The Odyssey: A Yacht Party
Jarred awake by sub-par dubstep, the bass pummeling and reverberating off every surface in the room. I’m exhausted and my legs are sore. The Hi-Tek Soul party with Kevin Saunderson is not even an option. It’s going to be enough of a struggle to get to the yacht before it sets sail.
Matthew Dear doing his Audion thing
Of course, by now it’s common knowledge that the Odyssey ultimately only sailed for about 45 minutes, if that, due to a busted generator. This, after getting underway two hours late thanks to Homeland Security all but cavity-searching everyone before boarding. Yeah, Homeland Security was there. Because if I were a terrorist I’d go straight for the techno parties; that’s how you break America’s spirit!
No matter.

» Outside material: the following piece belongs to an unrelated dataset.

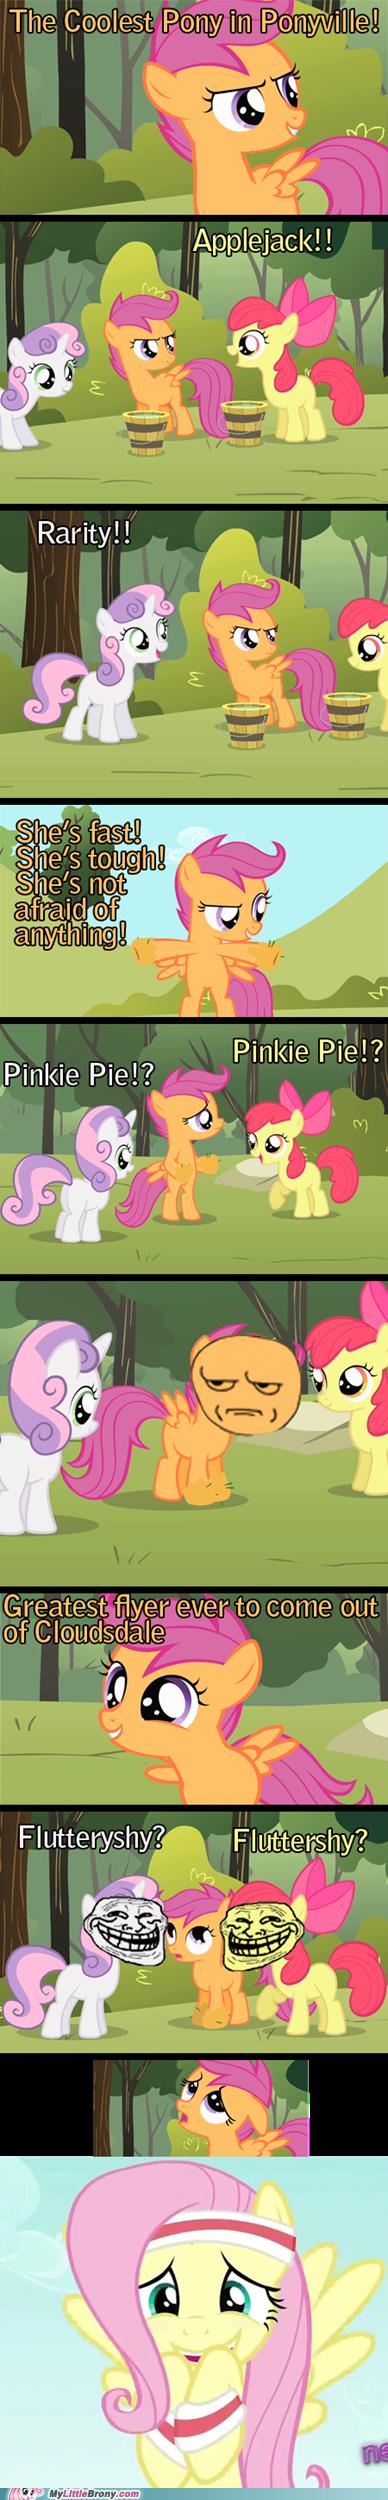 applejack comic comics fluttershy ponyville trolling - 6041001216

The tracks Kate Simko plays are perfect sunset minimal as we slip away from the dock, and Pär Grindvik goes even deeper with his live set. By the time Matthew Dear gets on, the boat is no longer sailing, but that doesn’t mean it’s stopped moving. People are literally swinging from the rafters, hanging upside-down and screaming. Richie Hawtin is posing for pictures. Seth Troxler is wearing booty shorts and grinding up on girls. Dear plays an edit of “Mouth to Mouth” that causes a collective orgasm. Seriously, I can’t do this anymore; look for a clip on YouTube.
His last track, and essentially the last thing I hear at the Winter Music Conference, is brand new and a seeeeecret, according to one of the label reps onboard. A few weeks later, Dear’s hard drive will be stolen literally right out from under his nose at a Brooklyn gig. I hope to God he has that track backed up somewhere.
And so our trip comes winding down. We have a flight at six in the morning, so we decide that the Odyssey is as good a place as any to end it. We spend our last night in the hotel room and in the pool, drinking and making our own playlist, going without sleep until it’s time to throw everything in a suitcase and hail a cab to take us to the airport. I suppose it was poor planning to leave before Sunday School for Degenerates, but we’ll be back next year, seasoned professionals.
Outside it’s still dark. We put our bags in the trunk of the cab, take one last look into the lobby of the Miami Beach Resort & Spa and speed away to the airport. I fall asleep immediately after boarding the plane, and when I wake up I’m back to reality, sunny but in the 40s.